Pruaitch lays the blame for recent failures

By Martyn Namorong

Speaking during the Speaker’s Summit on Wednesday, Opposition Leader Patrick Pruaitch warned against the politics of scape-goating of resource sector for Papua New Guinea’s social and economic ills.

“I am unhappy about the constant harping that PNG laws have been copied from overseas jurisdictions and that they are undermining the national interest,” Mr Pruaitch said.

Mr Pruaitch pointed to the fact that unlike Australia, PNG laws enable state equity participation in both minerals and hydrocarbons.

PNG’s Oil & Gas Act enables the PNG Government to buy a 22.5% stake in any oil or gas development. It includes provisions not seen anywhere else in the world. Besides royalties paid to landowners, a development levy provides additional revenues to Provincial and Local Level Governments.

“In virtually all Commonwealth countries, resource project royalties accrue to the State. In PNG, they go directly to landowners, an initiative that was directly driven by the late Hon. Anderson Agiru, a true son of Hela,” he said.

The late Anderson Agiru spearheaded the 1998 Special Parliamentary Committee on Oil and Gas and made recommendations for changes to the then Petroleum Act. Agiru put his heart and soul into carving out the Oil & Gas Act, and it is a grave injustice to credit the work of this great Papua New Guinean to an unknown foreigner. It was Agiru himself who, subsequently in Kokopo, spearheaded the goal of acquiring additional equity in PNG LNG for project landowners.

Mr Pruaitch reiterated the fact that it is the role of the government to deliver public services to the people.

“I am not aware of any part of the world where mining and petroleum companies deliver education, health and social services,” he said.

Mr Pruaitch stated that PNG’s current difficulties with delivery of goods and services were the result of poor economic management by the previous O’Neill regime also referred to as the Clowns of Crown.

He said that rather than killing the goose that lays the golden egg, the government should reflect on how Clowns of Crown squandered massive revenue growth.
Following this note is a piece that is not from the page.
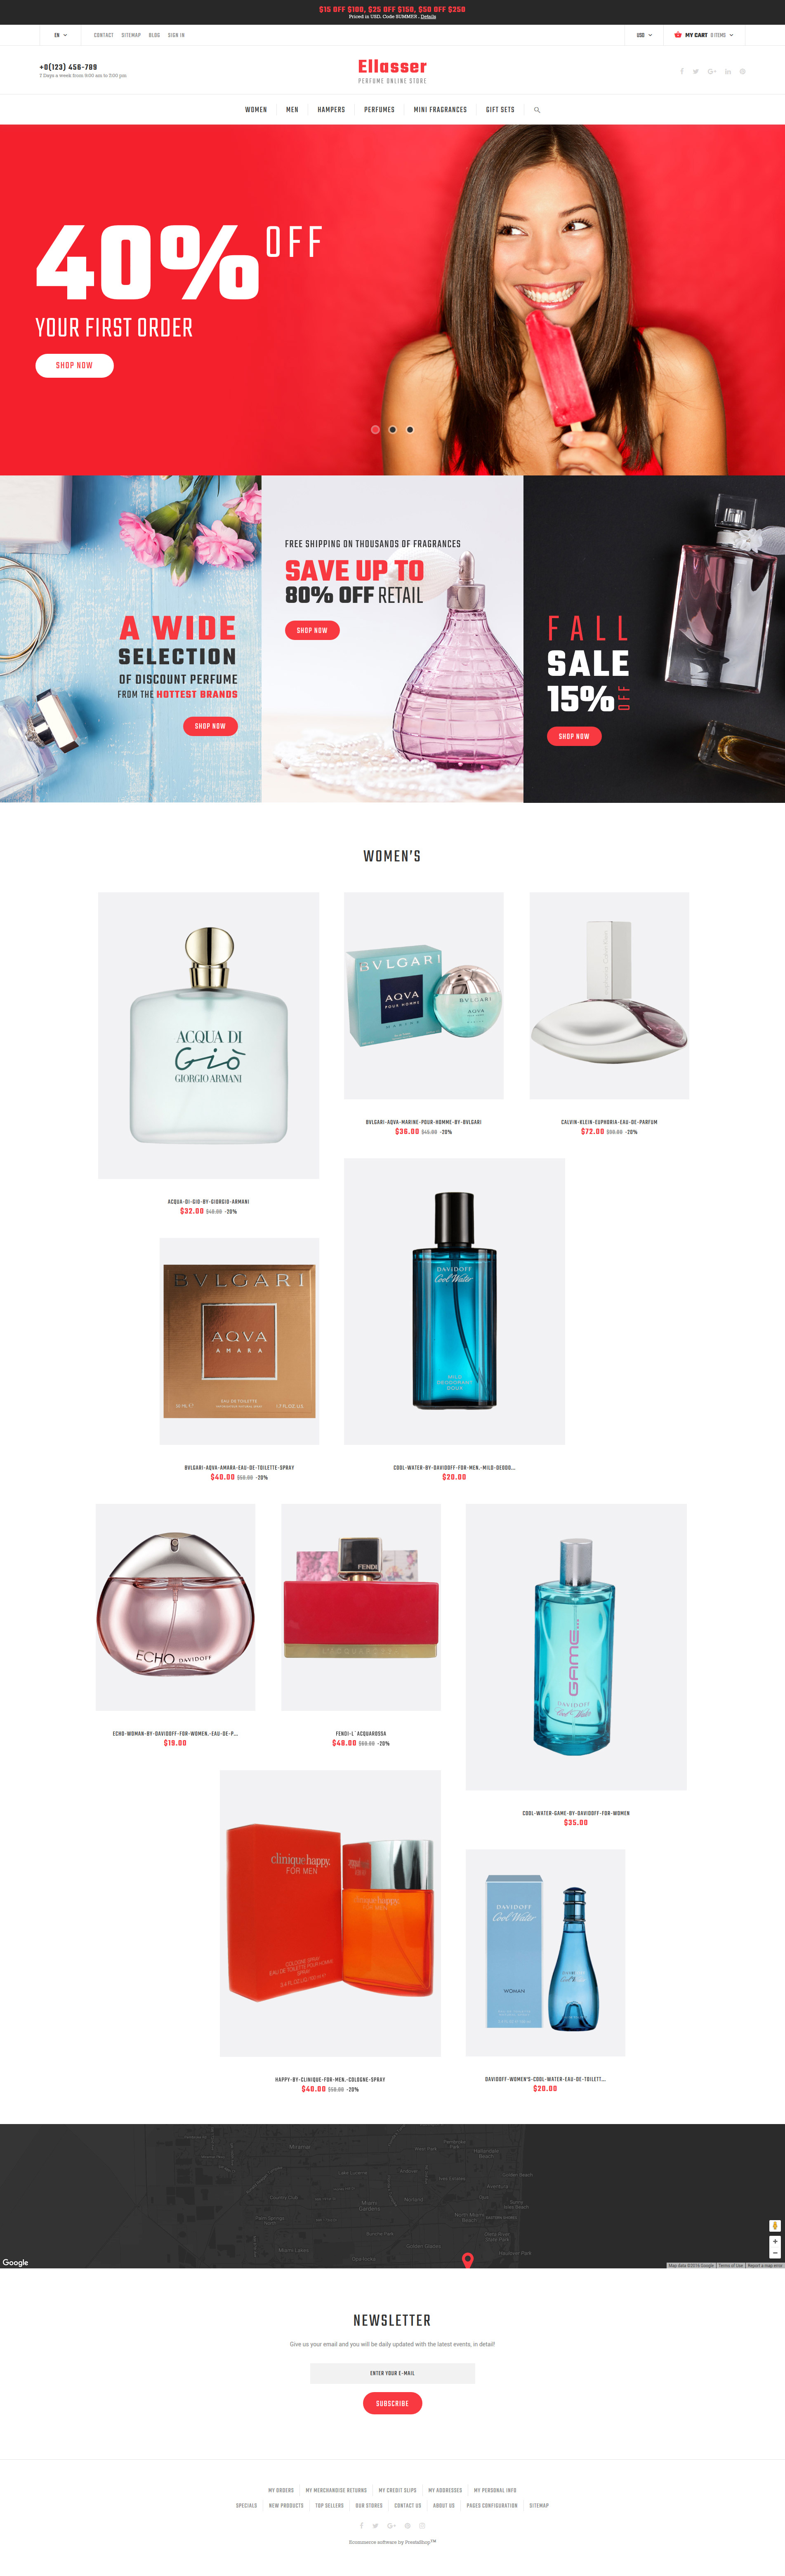 Ellasser - Perfume Online Store PrestaShop Theme
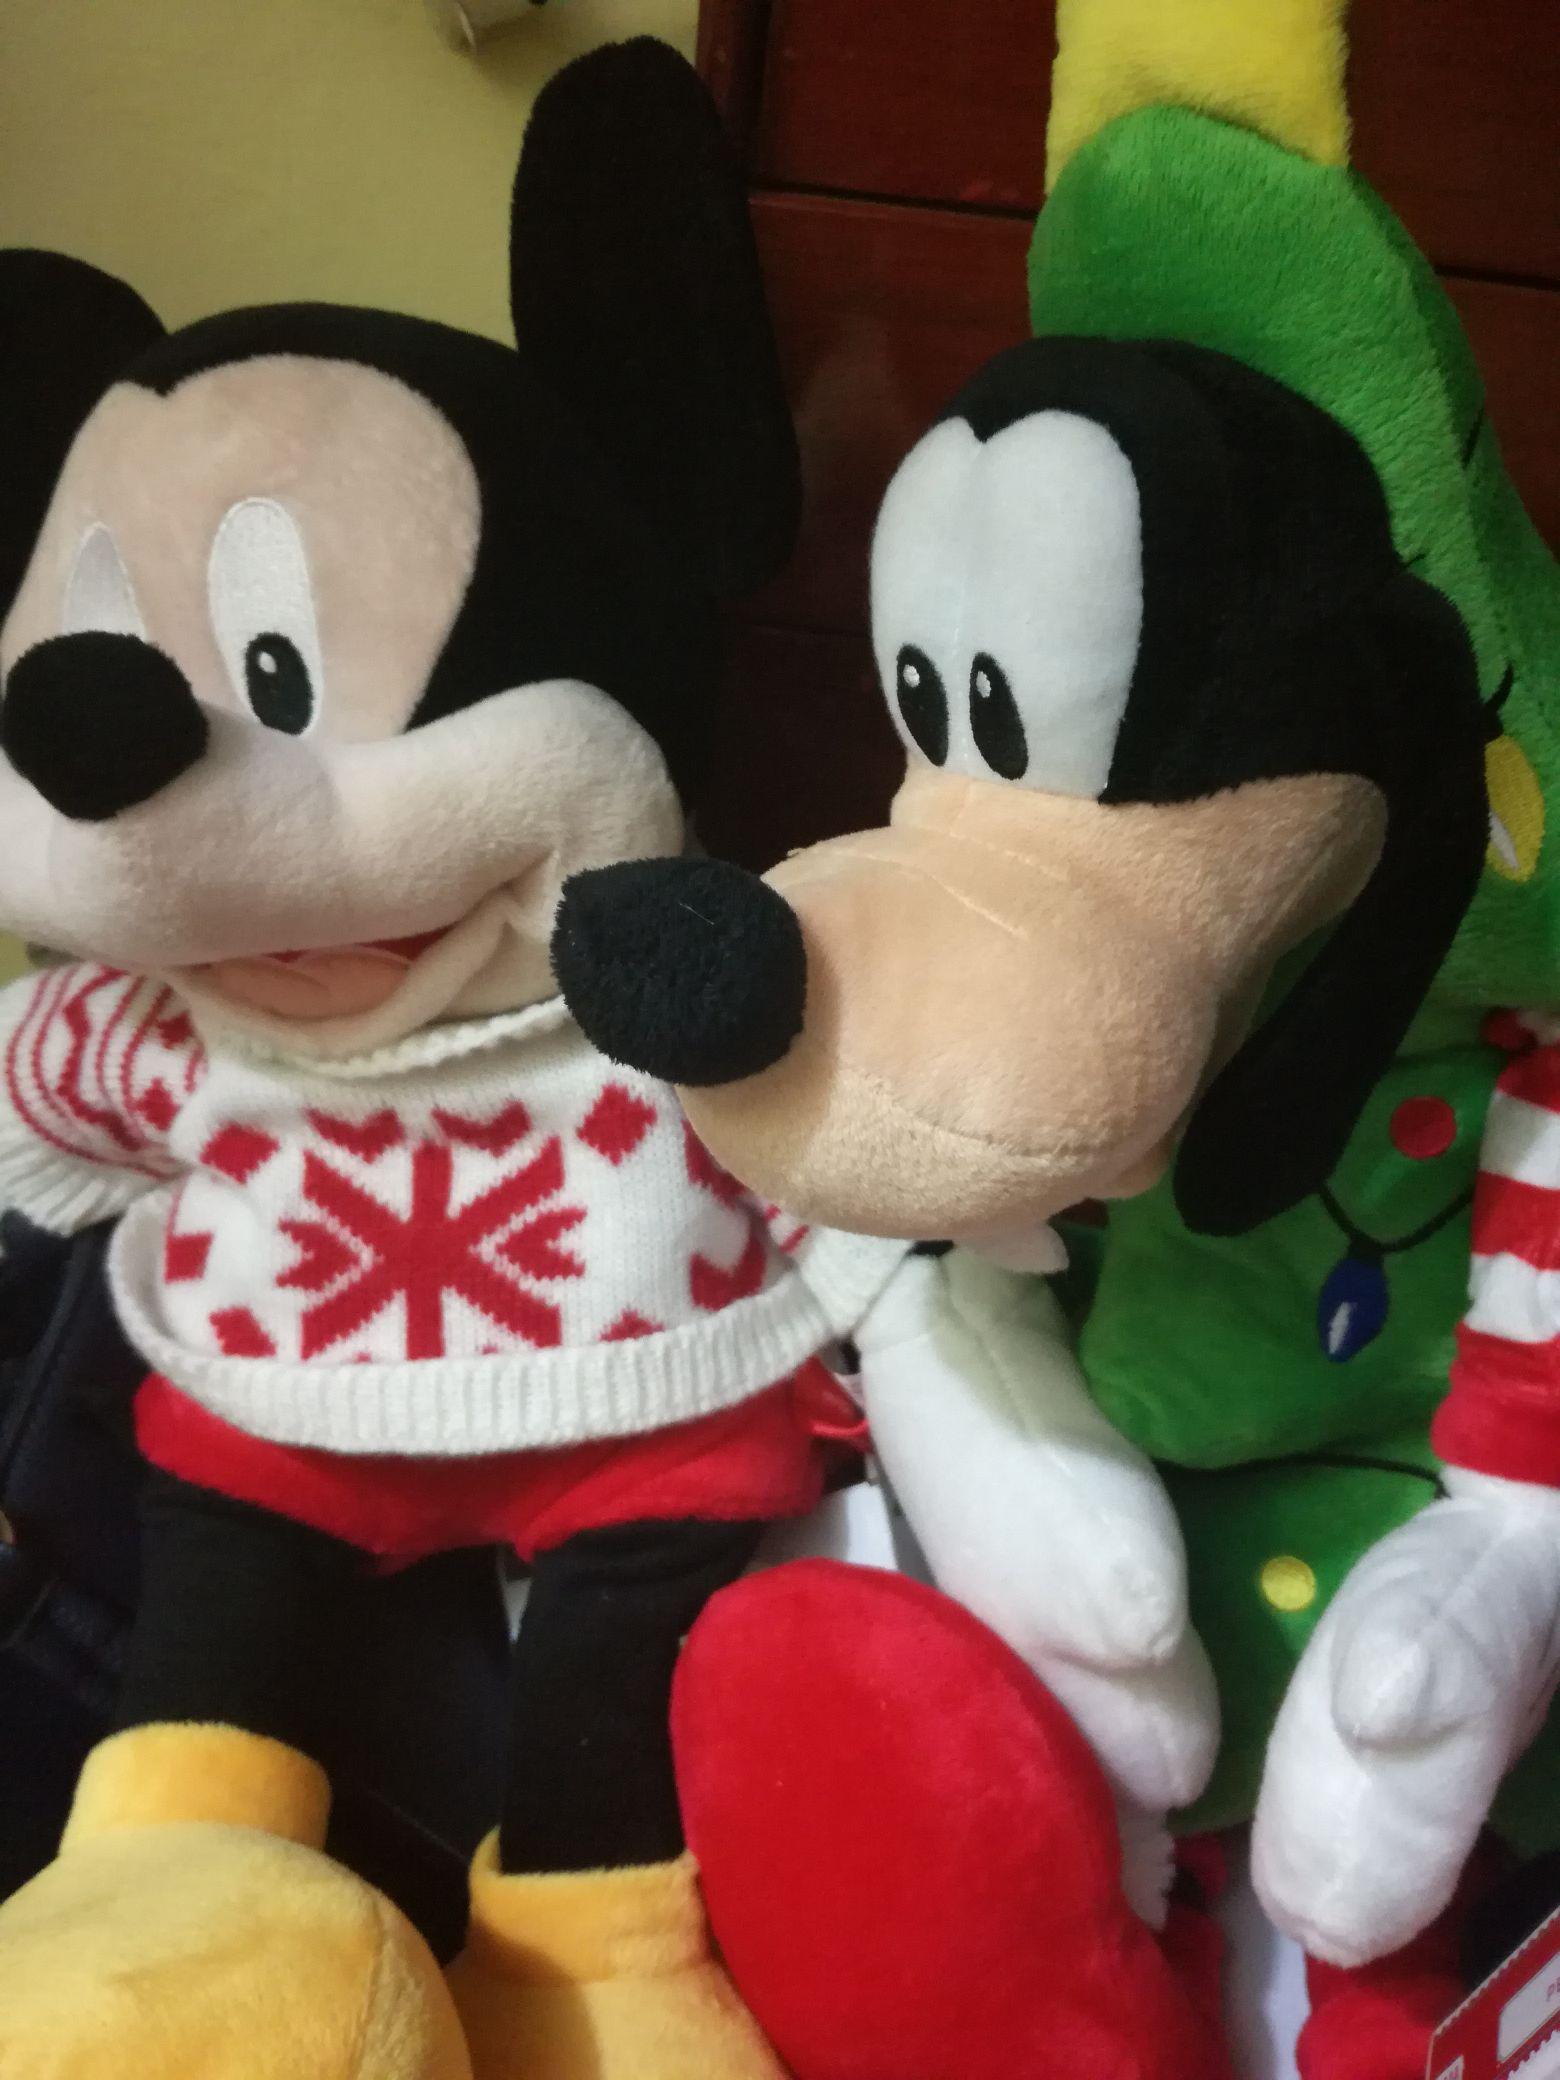 Walmart Veracruz: Regalos navideños como mickey mouse ,goofy,pinguino inflable $.01

When the O’Neill Government took office in 2012 it managed a record K9.7 billion National Budget. In the intervening period to 2018, government revenue and grants increased by an amazing 45%.

“According to the 2018 Final Budget Outcome released a few weeks ago, government revenue and grants last year hit an all-time record of K14.1 billion,” Mr Pruaitch said.

“So how can we, in the Opposition, believe the nation faces an economic crisis when Government revenue was K1.3 billion more than projected revenues in the 2018 Budget and K2.6 billion more than it was in 2017.

“Virtually any country in the world would have been over the moon with such windfall revenues,” he said.

In PNG’s case, the country got deeper into debt and the government failed to pay for goods and services it purchased.

“The heart of this crisis is simple, “Pruaitch added.

“The O’Neill Government was incapable of living within its means.

“It squandered unsurpassed revenues and borrowed and spent an additional K17.1 billion.

“Debt in 2018 hit a record K25.6 billion, rising from K8.5 billion in 2012.”

The previous NA-led Government had lowered the debt burden, while progressing significant economic growth and diversification. By contrast, the O’Neill Government has overseen falling employment and incomes and a lack of capacity to deal with natural disasters and economic downturns.

There is a danger that current plans, which are driving away foreign investment, will hurt government revenues in the year ahead amidst fears regarding a slowing of the world economy.

In its latest PNG Economic Update, the World Bank warns that “persistently low net inflows of Foreign Direct Investment (FDI) indicate a largely unfavourable business environment”. Recent policies, the World Bank warned, will further erode the PNG’s image to foreign investors.

Mr Pruaitch said the government, the community and business sector should work cooperatively in a win-win strategy. This will underpin economic recovery, along with economic diversification and sustainable medium-and longer-term growth.

Such a strategy, he said, will reduce widely experienced poverty levels and keep alive ‘the richest black Christian nation’, aspiration to which Prime Minister Marape subscribes.